Principal component analysis (PCA) of experimental white-brined goat (A) and cow’s milk cheeses (B); PC1 × PC2, of parameters (a) and samples (b), as given in Table 1 and Table 2. Sample 1—fresh cheese; samples 2‒6—cheeses ripened for 10, 20, 30, 40, and 50 days, respectively. TCA-SN: trichloroacetic acid-soluble nitrogen; TP/DM: total protein in dry matter; WSN: water-soluble nitrogen per total protein, PTA-SN: nitrogen soluble in a 5% phosphotungistic acid per total nitrogen, TCA: nitrogen soluble in a 12% trichloracetic acid per total protein, TP: total protein in DM, FDM: fat in dry matter, TEAC-WSN: total antioxidant capacity of water-soluble fraction, TEAC-WINF: total antioxidant capacity of water-insoluble fraction.

4. Conclusions

The results of this investigation clearly showed that the chymosin pretreatment of milk with subsequent overheating could be a useful method for the production of white-brined cheeses from both cow’s and goat milk. This type of cheese is characterized by a high content of denatured whey proteins, a low level of soluble nitrogen fractions, and improved antioxidant properties of both water-soluble and water-insoluble protein fractions. However, these characteristics depend on the type of milk and the ripening time.
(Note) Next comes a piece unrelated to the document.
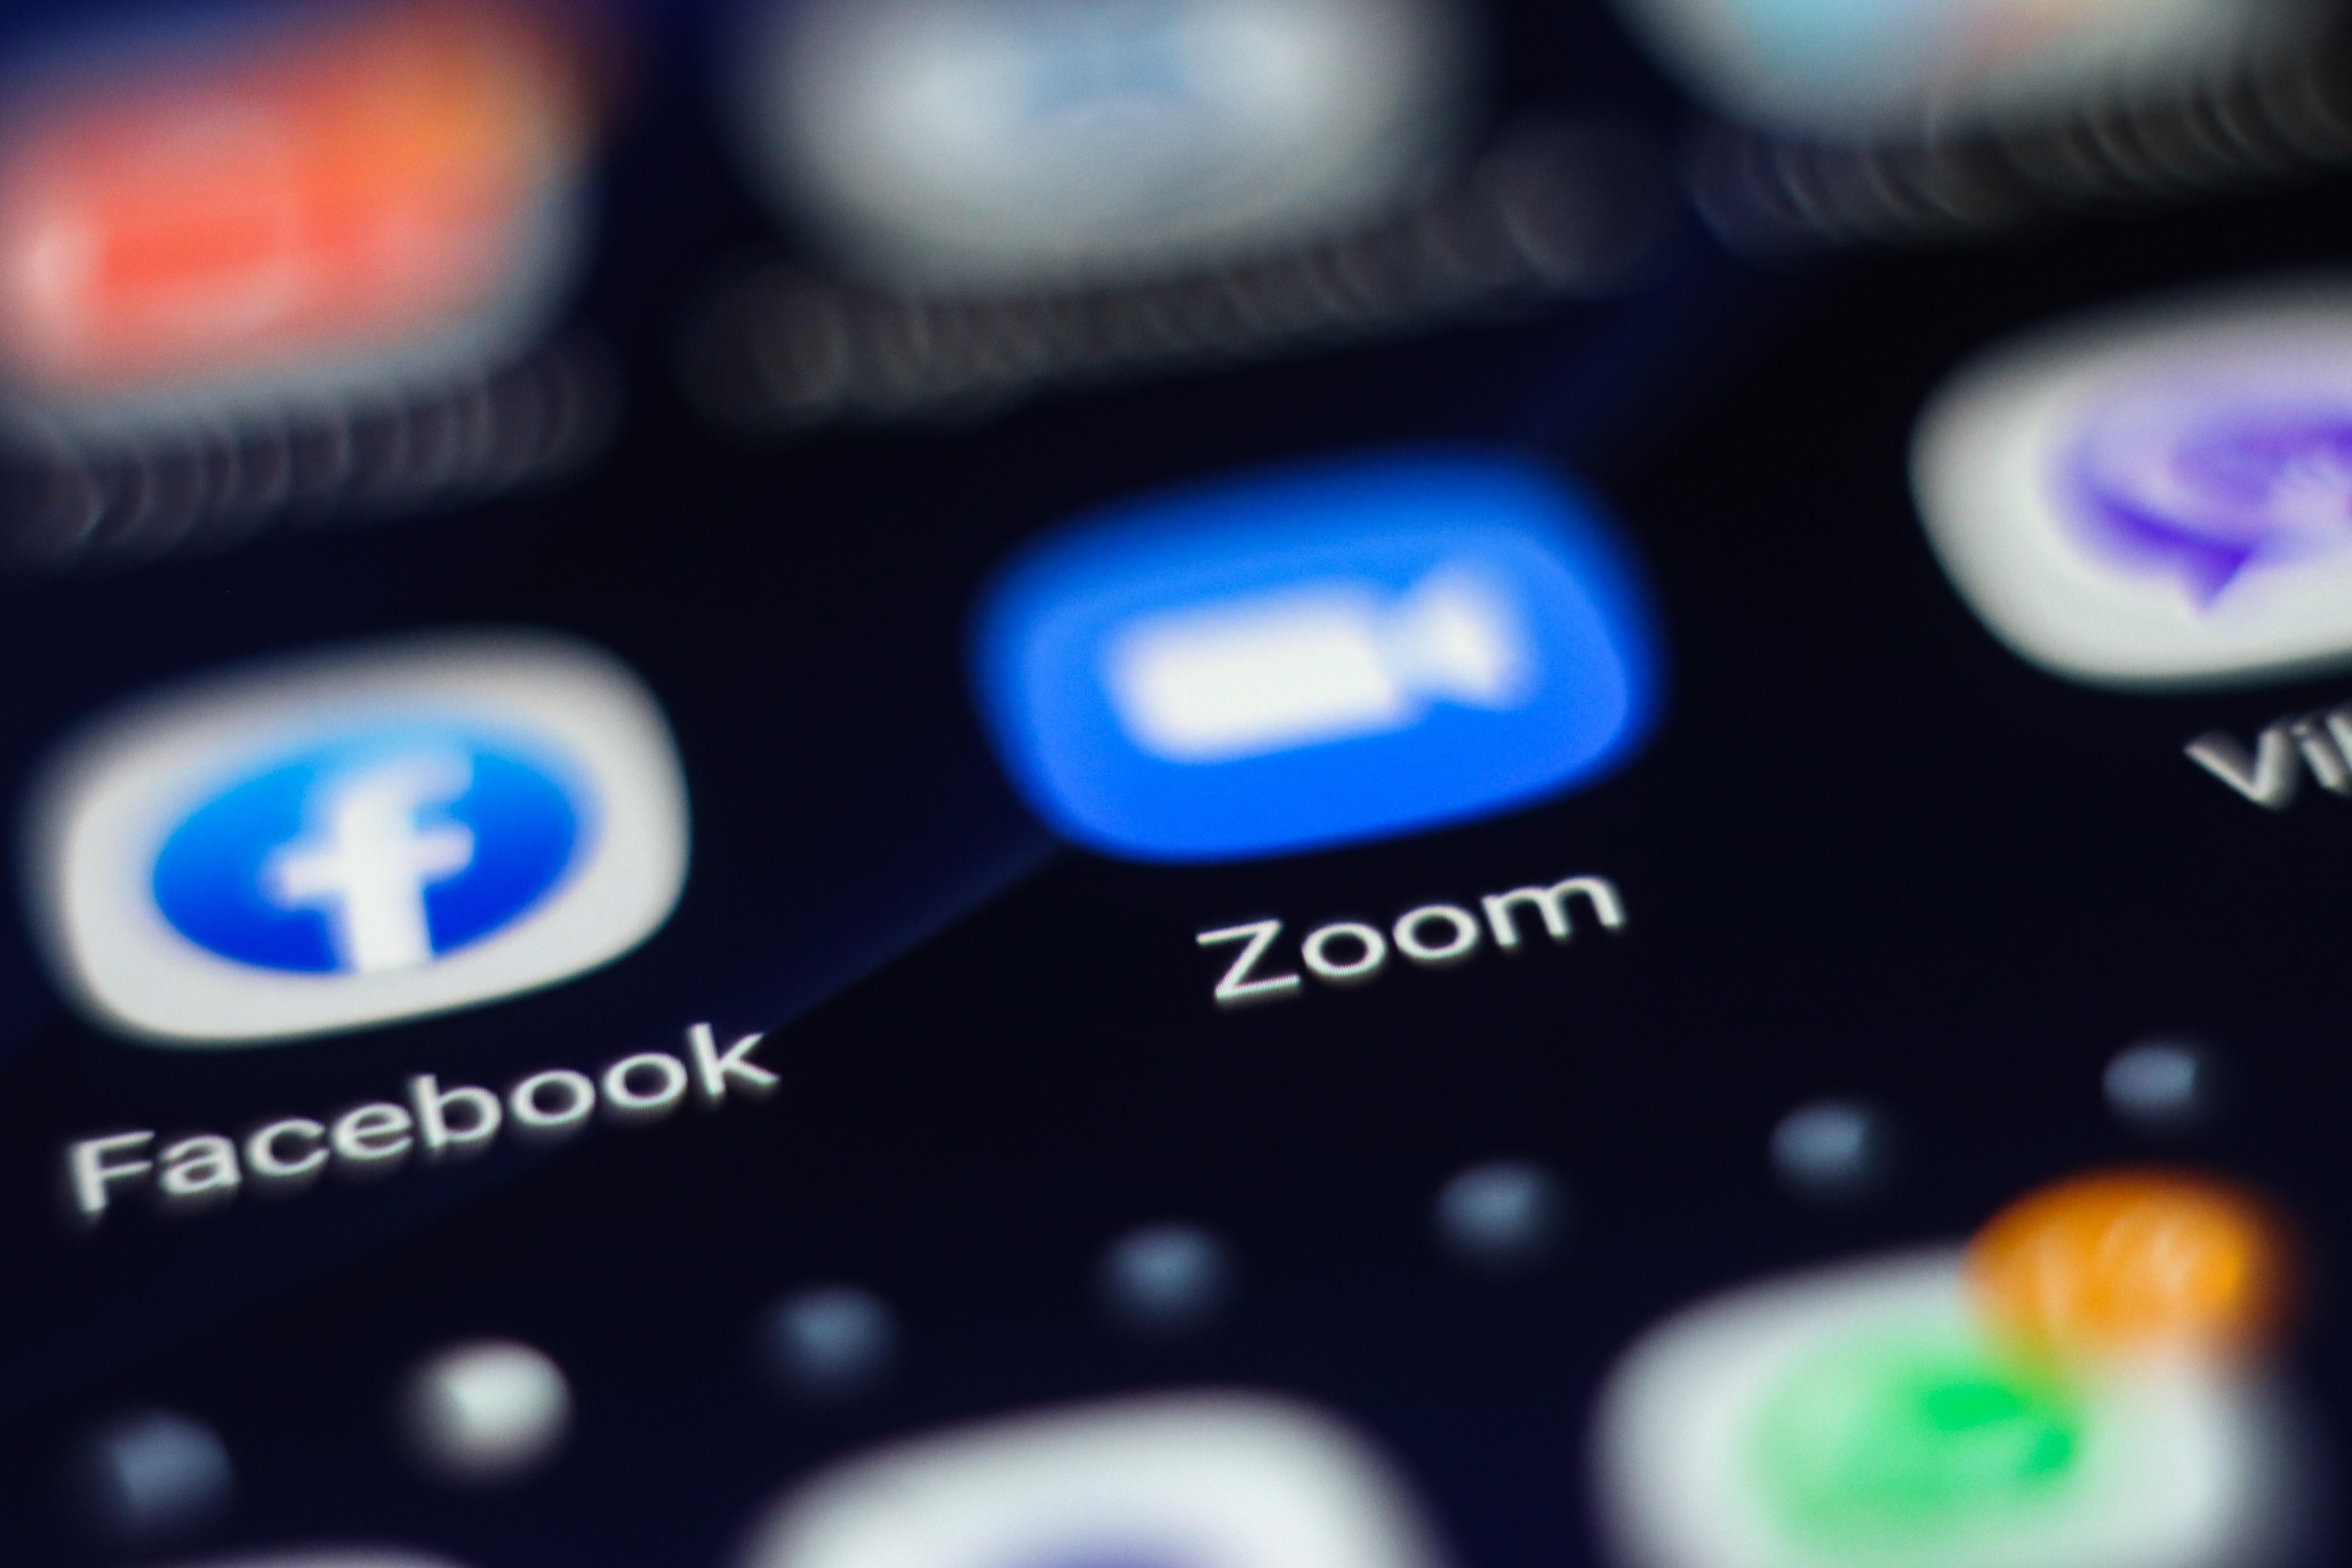 A Zoom letiltotta egy amerikai jogvédő szervezet fiókját, mert a Tienanmen téri mészárlásról videokonferenciáztak

Mature cow’s milk cheese had higher values of WSN/TN and TCA-SN/TN, but the PTA-SN/TN values were similar in both cheeses (2.69 g 100 g−1 for goat milk cheese and 2.58 g 100 g−1 for cow’s milk cheese). The antioxidant potential of WSF was higher in goat milk cheese, but higher TEAC values of WINF were observed in the ripened cow’s milk cheese. Furthermore, in vitro digestion significantly improved the antioxidant capacity of WINF of both experimental cheeses and had no effect on WSFs. Based on the obtained results, it could be assumed that the white-brined cheeses prepared according to the suggested procedure may have a significant role in the maintenance of human antioxidant defense systems. Further investigations need to be conducted to confirm their health benefits.